§ **DESCRIPTION OF THE TASK**: When you reach a picture, skip it, and retype every line below exactly.

§ **DATASET EXTRACT**:
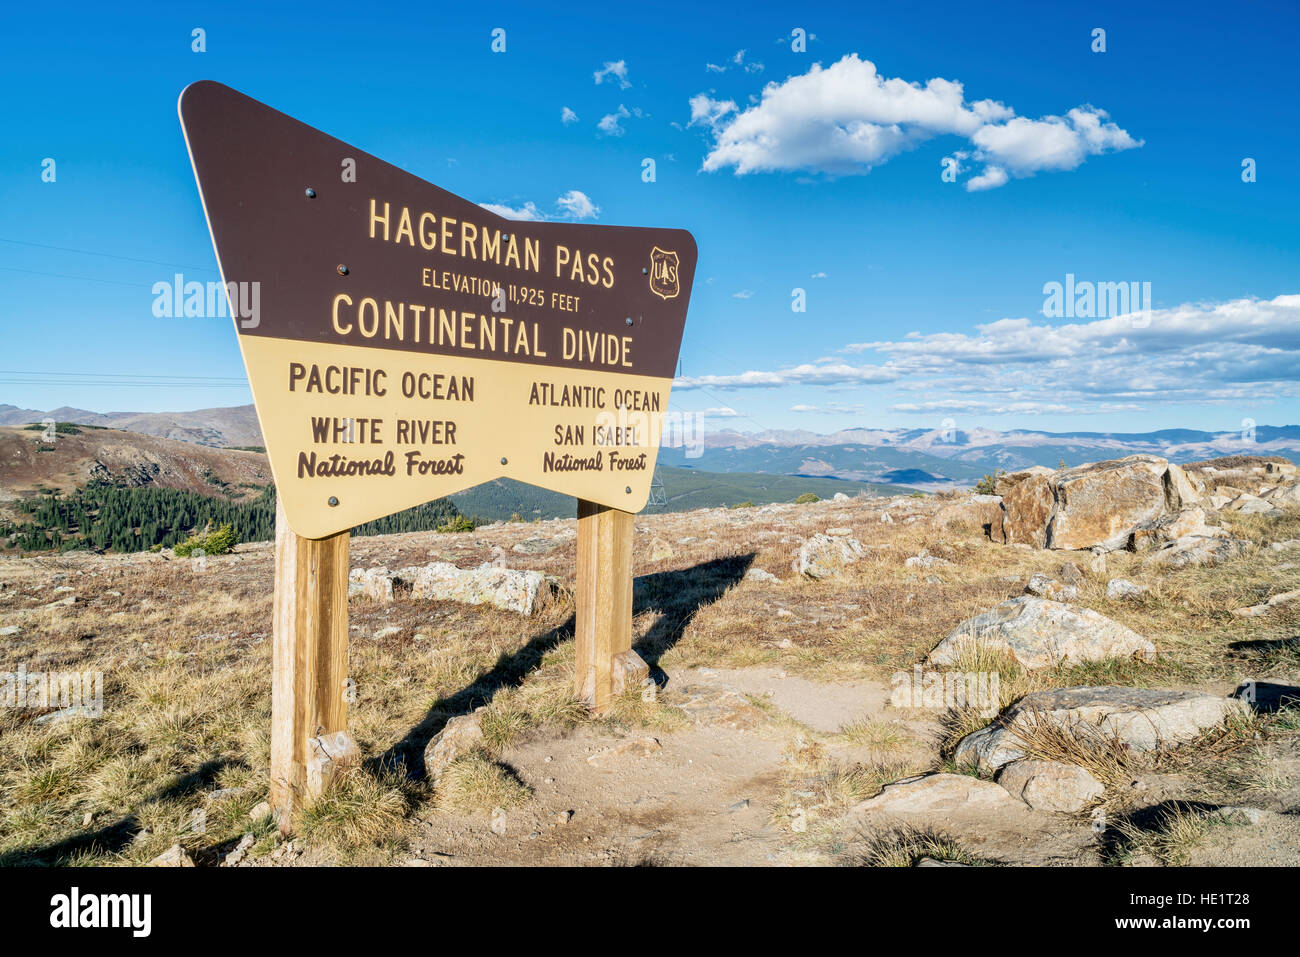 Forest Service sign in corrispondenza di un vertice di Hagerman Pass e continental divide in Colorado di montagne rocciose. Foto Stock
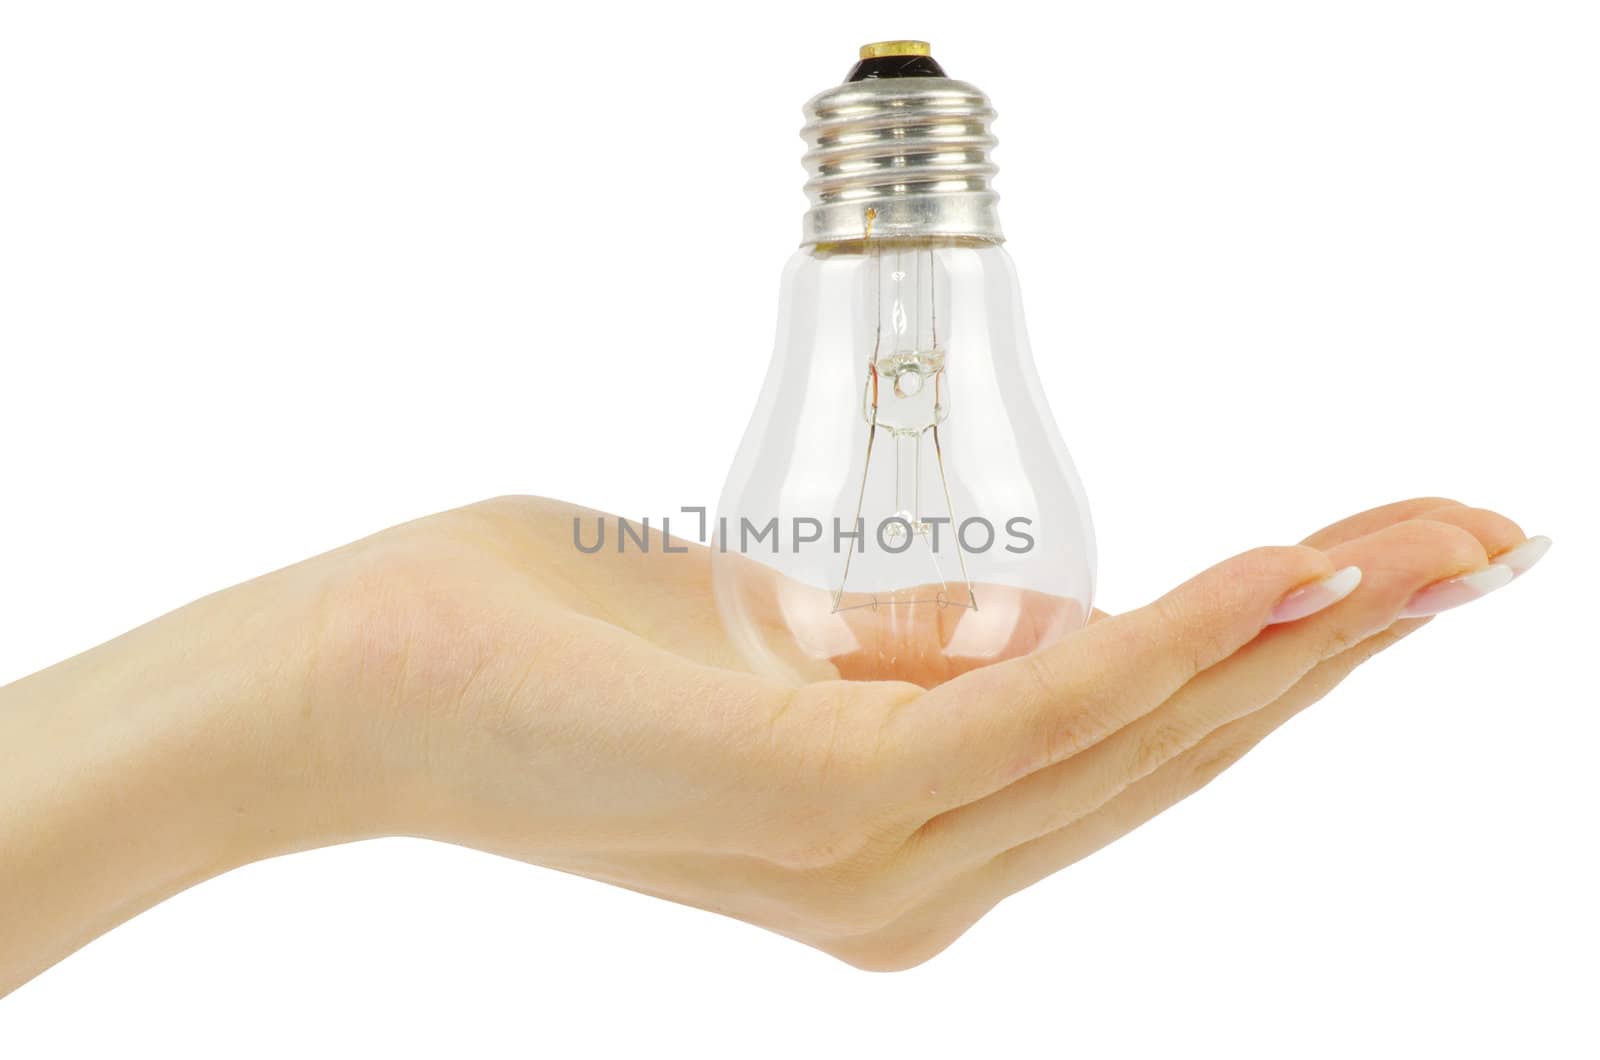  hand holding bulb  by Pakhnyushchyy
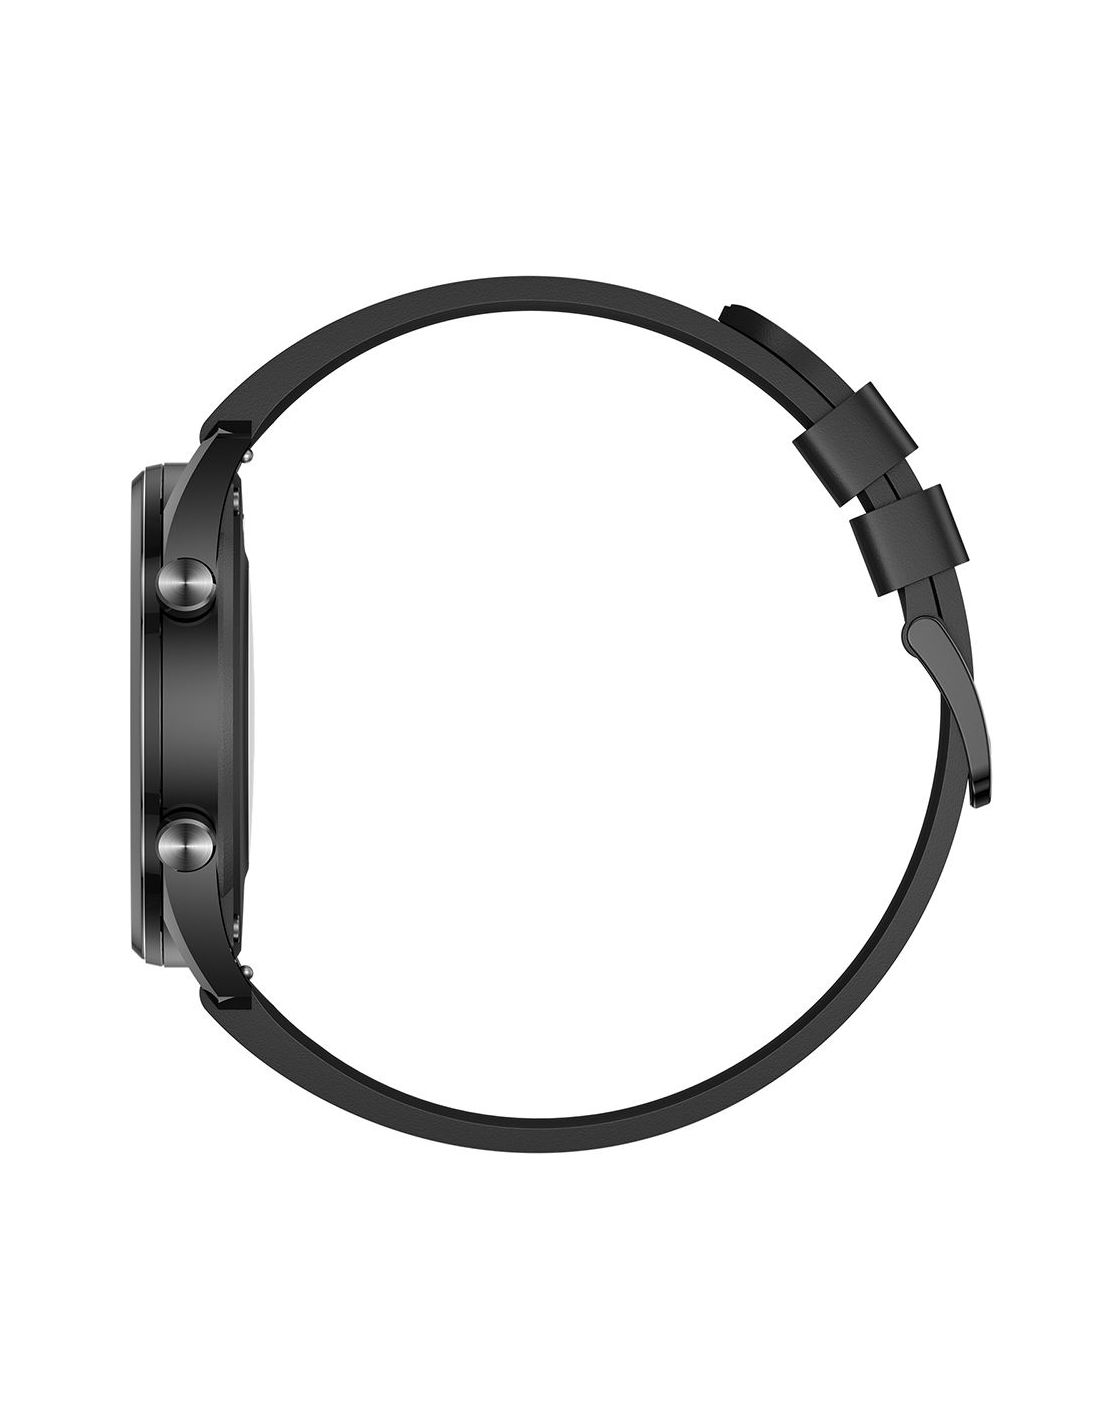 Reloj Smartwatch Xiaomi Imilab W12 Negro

§ **ANSWER TO THIS EXERCISE**:
 Forest Service sign in corrispondenza di un vertice di Hagerman Pass e continental divide in Colorado di montagne rocciose. Foto Stock
  hand holding bulb  by Pakhnyushchyy
 Reloj Smartwatch Xiaomi Imilab W12 Negro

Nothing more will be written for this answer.